First Forum: Tokyo, Japan
November 20-21, 1995


Report on the Asia Pacific Agenda
Tokyo Forum

Charles E. Morrison
Senior Fellow
East-West Center, Honolulu
Senior Research Associate
Japan Center for International Exchange


Introduction

The Asia Pacific Agenda Tokyo Forum, which was held November 20-21, 1995, and which coincided with the twenty-fifth anniversary of the Japan Center for International Exchange (JCIE), provided an opportunity for individuals associated with key policy research institutions and foundations in Japan and around the Asia Pacific region to review important trends affecting the region and institutional directions and needs. More than one hundred individuals attended the forum, including twenty overseas participants from East and Southeast Asia, North America, and Europe. Many of the participants are or had been at one time founders, presidents, or research directors of their institutions.

This article does not attempt to provide a summary of the discussions. Rather it examines some of the main themes of the forum and their implications for the region's research and policy agenda and for its policy-oriented research institutions.

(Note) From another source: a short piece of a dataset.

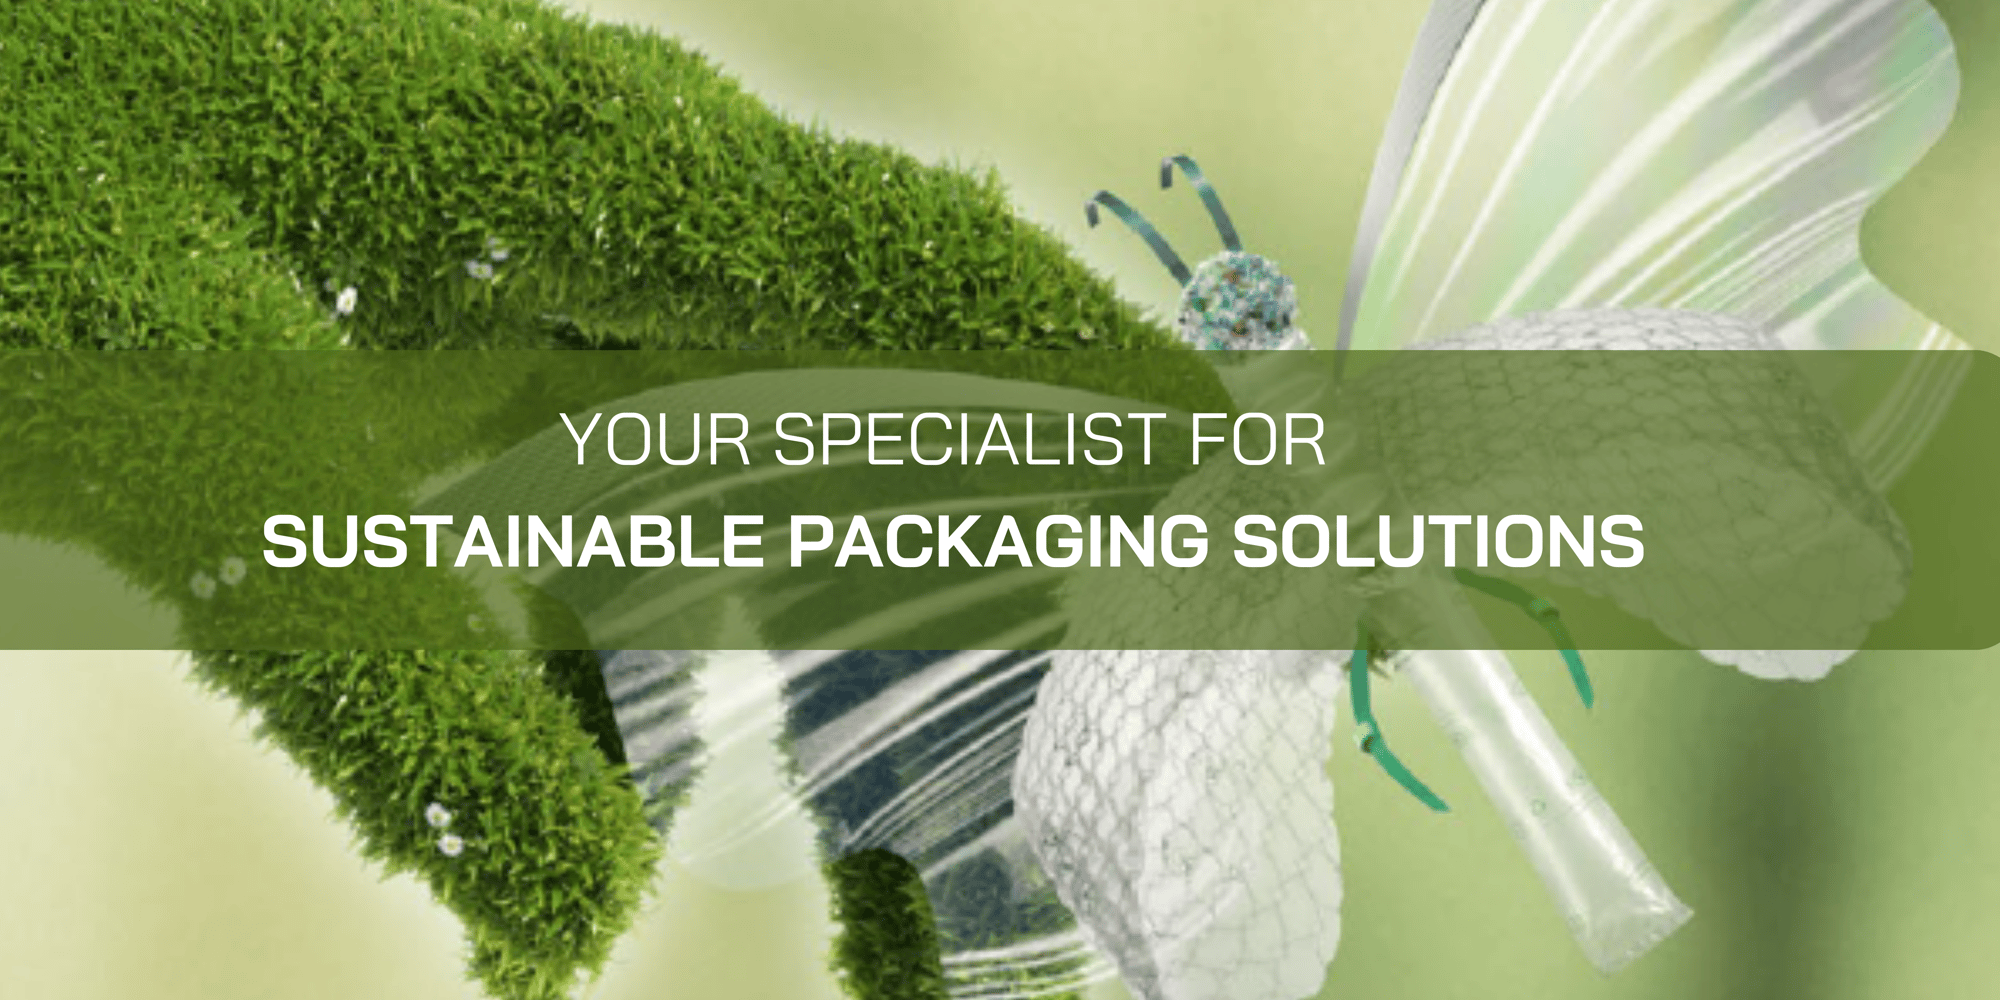 YOUR SPECIALIST FOR SUSTAINABLE PACKAGING SOLUTIONS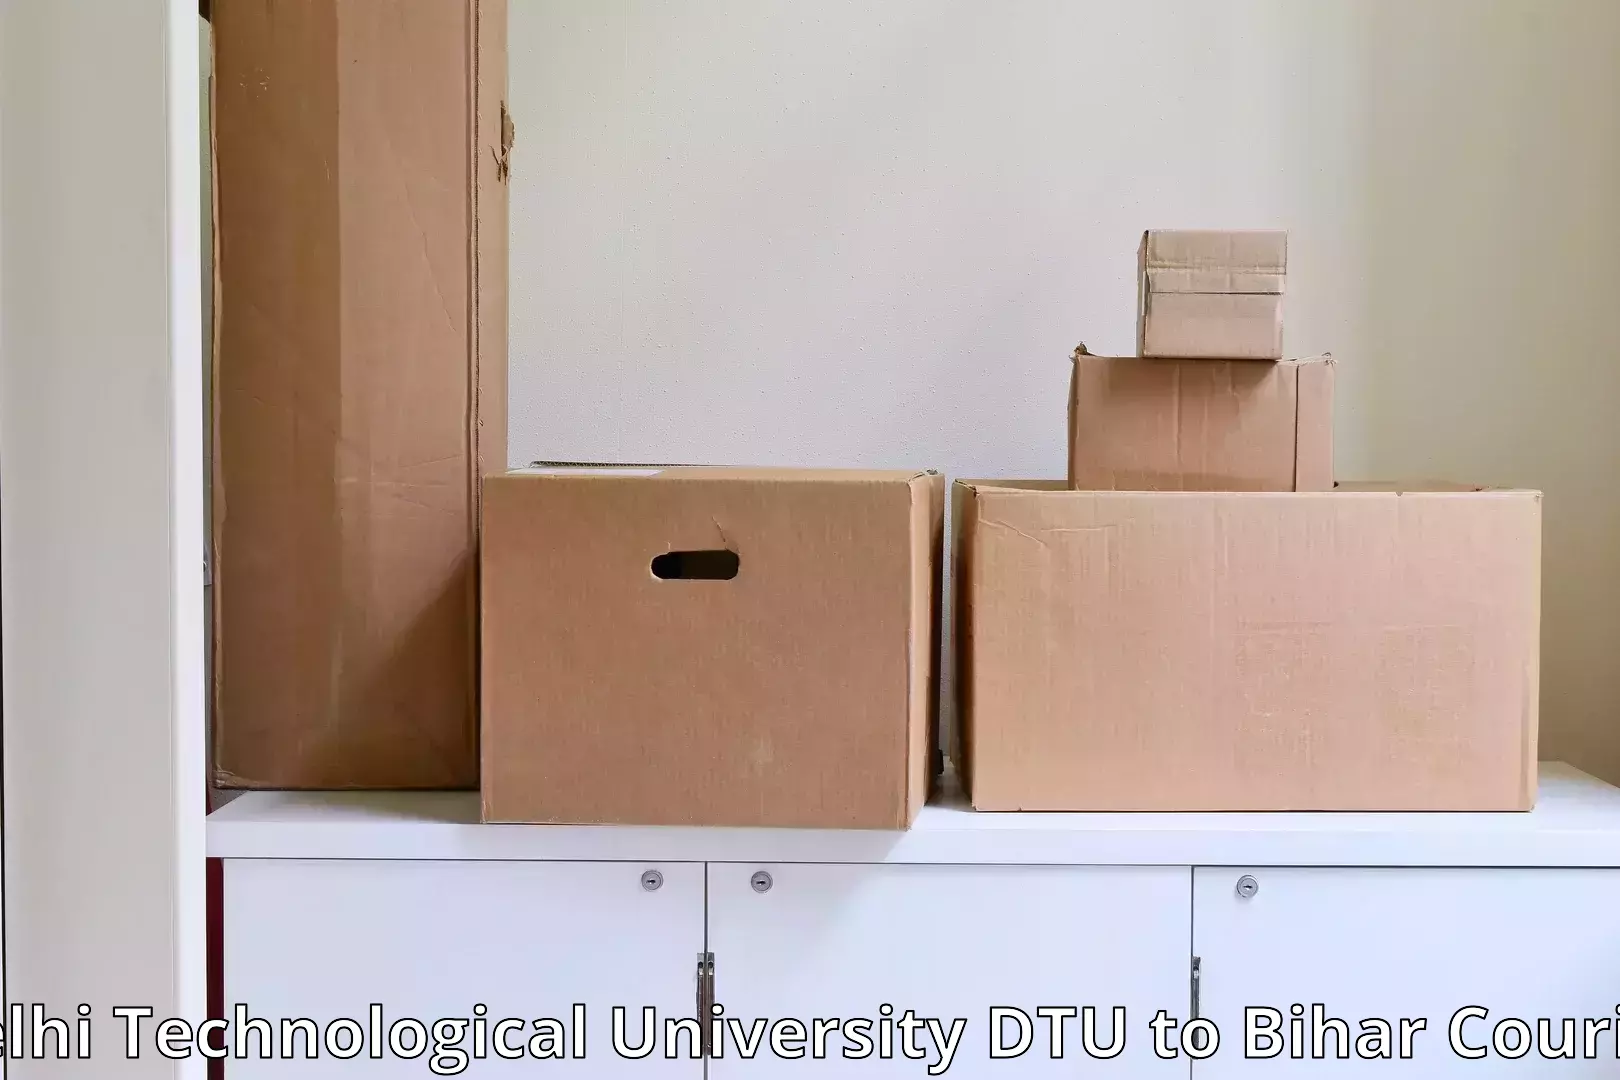 Quality moving services Delhi Technological University DTU to IIT Patna

The Significance of the APEC Economic Leaders Summit

Taking place immediately following the summit meeting of economic leaders of the Asia Pacific Economic Cooperation Forum (APEC) in Osaka, the Tokyo Forum was well timed to review the significance of the regional cooperation movement and more generally of policy issues in the region.

Several participants had been involved in activities in Osaka as members of the Eminent Persons Group (EPG), as leaders in the Pacific Economic Cooperation Council (PECC), or as journalists. There was uniform agreement among these individuals that, despite the last minute cancellation of U.S. President Clinton's attendance at APEC because of the government budget crisis in the United States, the Osaka ministerial and summit meetings had been very successful. The conflicts that had emerged in the weeks prior to Osaka over the comprehensiveness of the trade liberalization and facilitation efforts, the inclusion in the discussions of most-favored-nation commitments, and the degree of "comparability" of individual member's liberalization commitments had been solved through satisfactory compromises. Japanese leadership, while of a different kind than that provided by Clinton in 1993 and Indonesian President Suharto in 1994, had been effective in moving the diverse membership toward an agreement. APEC had thus moved from a phase of establishing and filling out the details of a vision toward one of implementation. In fact, noted C. Fred Bergsten, chair of the EPG, APEC will begin implementation of the trade liberalization efforts in 1997, well ahead of the EPG's recommendation for beginning in 2000.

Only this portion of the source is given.